На Новый год потеплело еще больше, и по разбитому асфальту, по которому мы спускаемся в деревню, несутся потоки воды. Перед телефонной будкой я останавливаюсь, но Джеф, держа дверь, делает мне знак, чтобы я вошел внутрь. В то время как он снимает перчатки и шапку, я смотрю на часы.
— Сейчас как раз выступает Гусак, — говорю я.
В будке мало места, мы с трудом втискиваемся.
— Не думаю, чтобы они слушали Гусака.
— А если обедают?
Джеф лишь ухмыляется, поднимает трубку, вкладывает в автомат заготовленную монету и набирает номер — к моему огорчению, он знает его наизусть.
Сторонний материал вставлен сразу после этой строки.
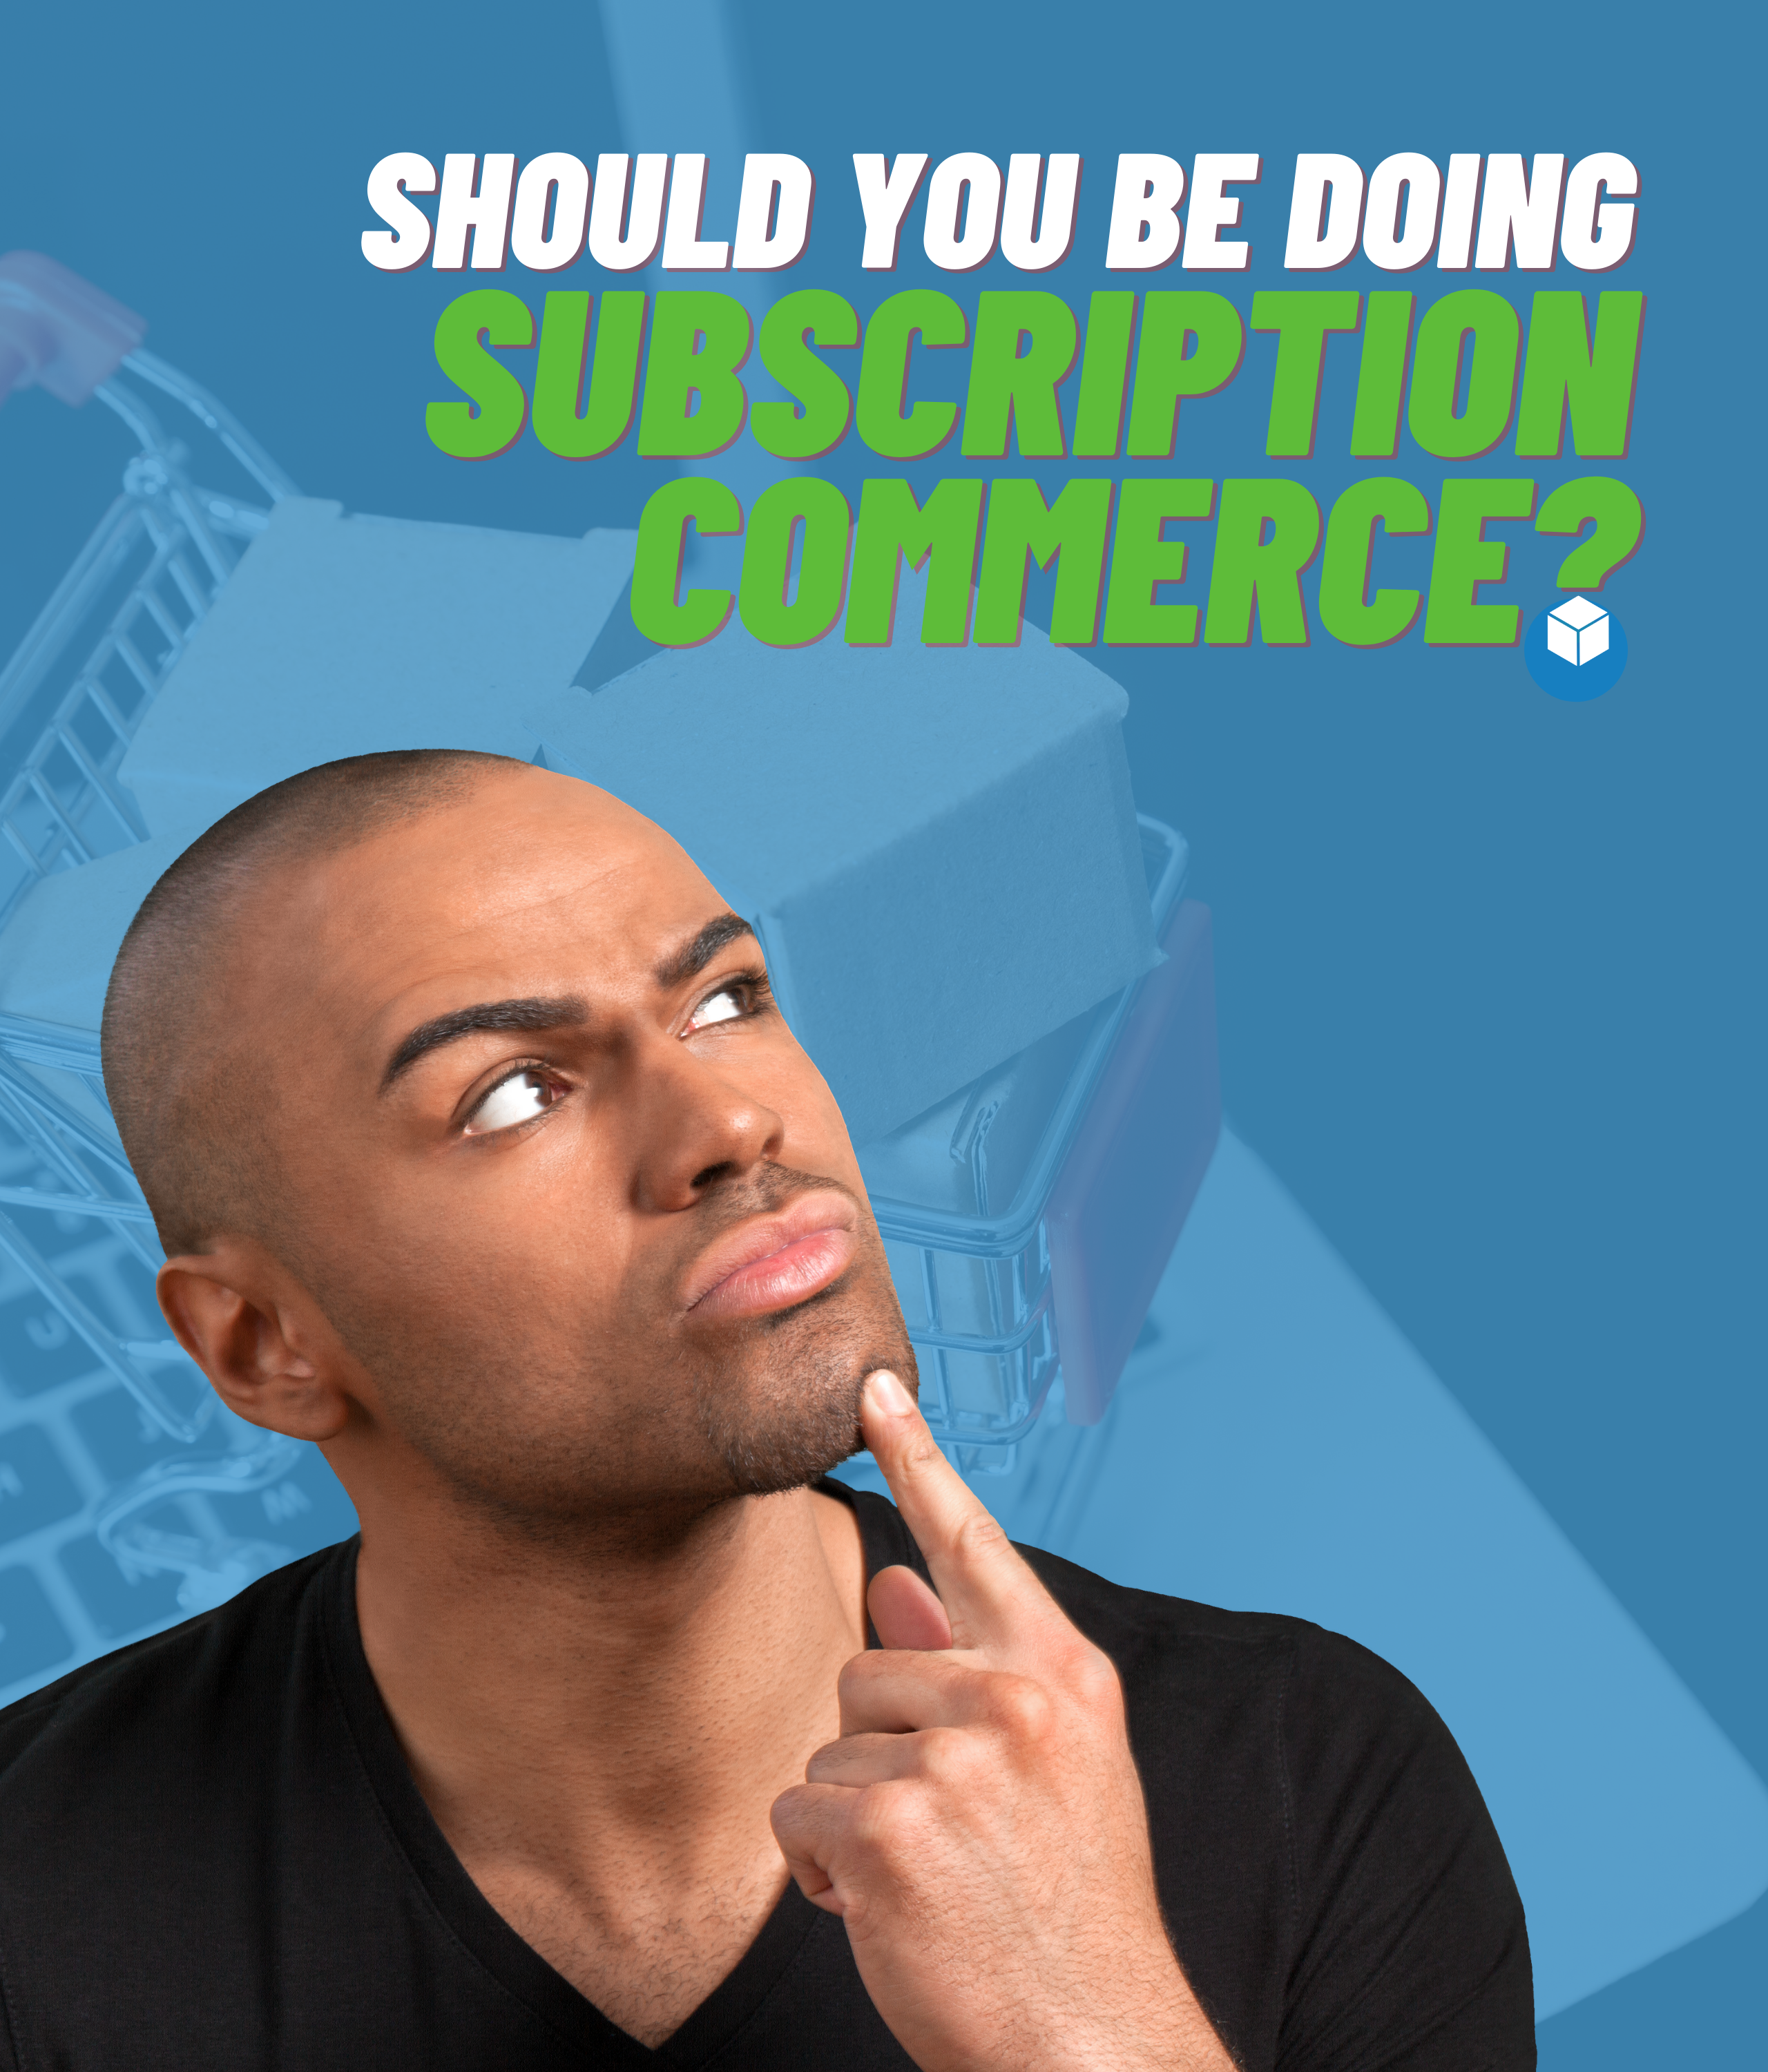 Should you be doing subscription commerce?

Он отводит плечо и помещает трубку между нашими головами.
— Шалкова у телефона.
Это мать, но сходство с тем молодым, столь дорогим мне голосом настолько поразительное, что у меня сжимается все нутро. Джеф здоровается и представляется полным именем.
— Привет, Джеф. Еву, к сожалению, где-то носит.
Звучит это дружелюбно, почти весело. Я мгновенно представляю Евино лицо, обрамленное бесконечно знакомой белой шапочкой и шарфом того же цвета.
— Это не имеет значения. Я хотел вам, пани Шалкова, и, разумеется, вашему супругу пожелать всего самого лучшего в Новом году, — говорит Джеф ритуально.
— Очень мило с твоей стороны. Тебе тоже всего наилучшего, Джеф.
— Спасибо.
— Как ты поживаешь? — спрашивает пани Шалкова спустя минуту.
— Хорошо. Мы с Томом в горах. В Крконошах.
Они немного говорят о погоде, о снеге и о стоимости буксировки. Грязное стекло будки начинает запотевать, и деревянный пол, на котором мы нервозно переминаемся, совершенно мокрый.
— А еще я хотел вас спросить, могла бы Ева на будущий год поехать с нами?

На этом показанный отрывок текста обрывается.